The applicability of furfuryl-gelatin as a novel bioink for tissue engineering applications

Abstract

Three-dimensional bioprinting is an innovative technique in tissue engineering, to create layer-by-layer structures, required for mimicking body tissues. However, synthetic bioinks do not generally possess high printability and biocompatibility at the same time. So, there is an urgent need for naturally derived bioinks that can exhibit such optimized properties. We used furfuryl-gelatin as a novel, visible-light crosslinkable bioink for fabricating cell-laden structures with high viability. Hyaluronic acid was added as a viscosity enhancer and either Rose Bengal or Riboflavin was used as a visible-light crosslinker. Crosslinking was done by exposing the printed structure for 2.5 min to visible light and confirmed using Fourier transform infrared spectroscopy and rheometry. Scanning electron microscopy revealed a highly porous networked structure. Three different cell types were successfully bioprinted within these constructs. Mouse mesenchymal stem cells printed within monolayer and bilayer sheets showed viability, network formation and proliferation (∼5.33 times) within 72 h of culture. C2C12 and STO cells were used to print a double layered structure, which showed evidence of the viability of both cells and heterocellular clusters within the construct. This furfuryl-gelatin based bioink can be used for tissue engineering of complex tissues and help in understanding how cellular crosstalk happens in vivo during normal or diseased pathology. © 2018 Wiley Periodicals, Inc. J Biomed Mater Res Part B: Appl Biomater, 107B: 314-323, 2019.
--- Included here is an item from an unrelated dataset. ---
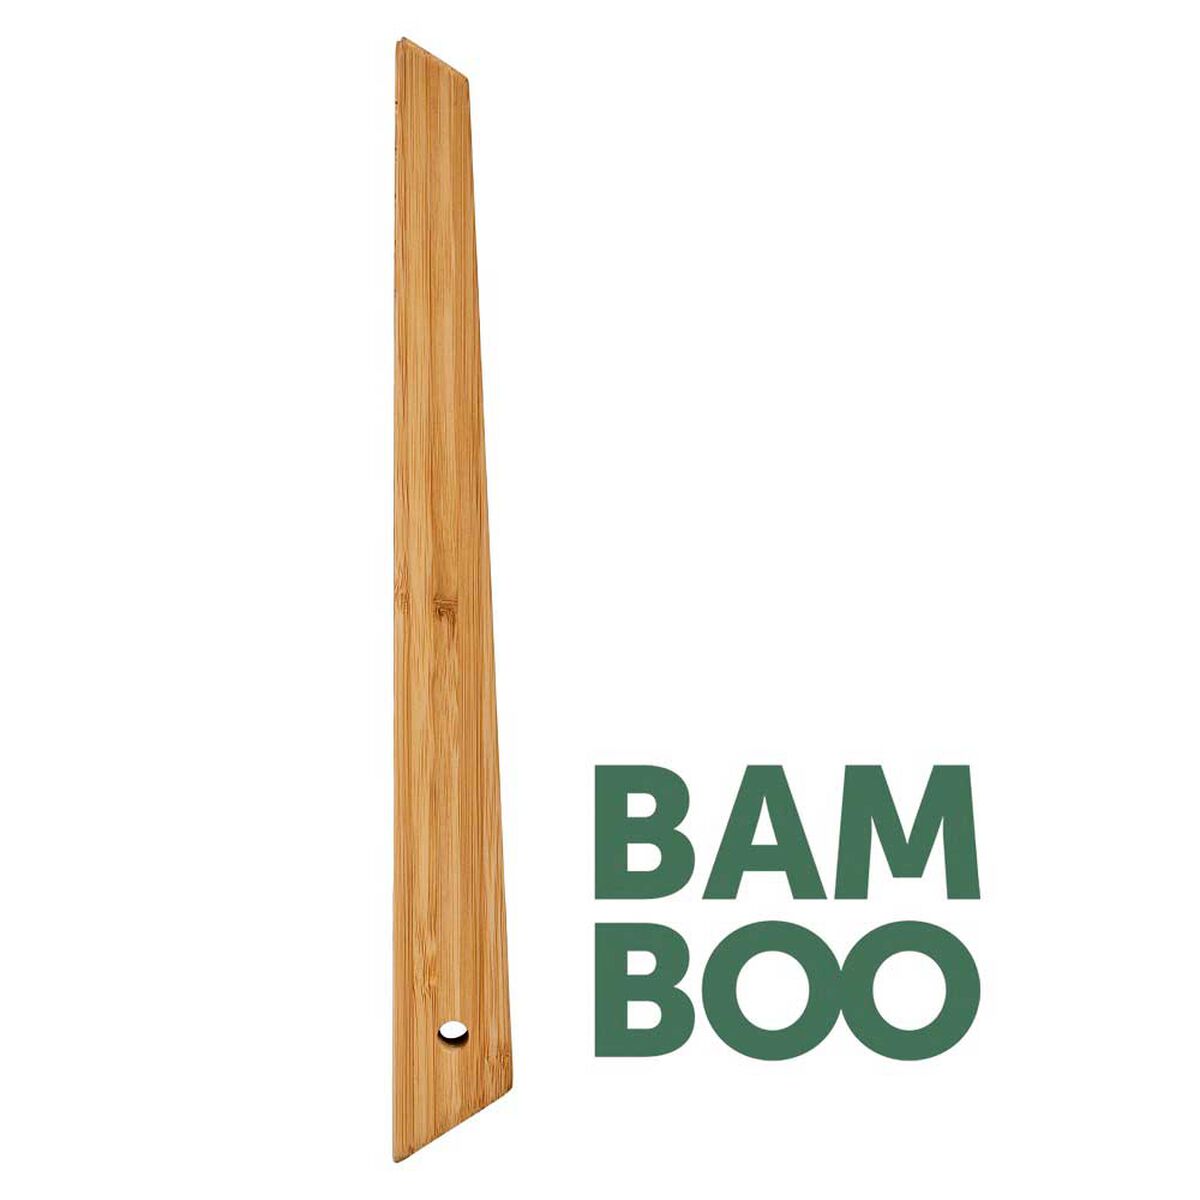 Pinza para Parrilla Dangrill de Bambú 28 cm

Keywords: bilayer sheets; biocompatibility; furfuryl-gelatin; hyaluronic acid; visible-light crosslinkable bioink.

Figure 1

(A) Bioink (no cells) showing a viscous mixture prior to crosslinking. (B) Pre- (left) and post-crosslinked (right) hydrogel (sheet) (C) Versatility of patterns being printed (ring: left and sheet: right) (D) Double layered sheet printing feasibility (en-face: top and cross-section: bottom). In B, C and D, yellow corresponds to RF and pink to RB being used. Scale bar in all images corresponds to 2 cm.

Figure 2

Rheology analysis of f-gelatin based hydrogels. Shown is a characteristic dataset obtained from a disc shaped (8 mm) sample of printed crosslinked f-gelatin hydrogel sample.

Figure 3

(A) FTIR spectrum of crosslinked f-gelatin in the presence of RB and HA. (B) FTIR spectra of f-gelatin and (C) of HA respectively.

Figure 4

Degree of swelling of a printed sheet sample of f-gelatin after crosslinking.

Figure 5

Representative image acquired using SEM of a printed sheet sample of f-gelatin after crosslinking.

Figure 6

(A) Viability of the mouse MSC stained with Hoechst (blue), post printing after 24 hr. (B) Retention of mouse MSC, pre-stained with PKH67 (green), within the bioprinted construct after 5 days of culture.

Figure 7

FACS analysis to show cell proliferation and biocompatibility of the printed sheet structures of f-gelatin after crosslinking. Cells pre-stained with cell trace violet were cultured upto (A) 24 hrs and (B) 72 hrs within printed constructs.

Figure 8

In A and B, shown are bright field z-scans of STO fibroblasts (elongated spindle shaped) co-cultured with C2C12 myoblasts cells (rounded enlarged, confirmed in C and in E). Scale bar is 150 μm in A, B and 200 μm in C and E. In C, a single plane (cross section) was imaged whereas in E, a Z-scan was run spanning several planes as indicated with the arrow (right hand side). In D, shown is a single slice of z-stack section showing top layer (fluorescent: green for C2C12) and bottom layer (non-fluorescent: STO).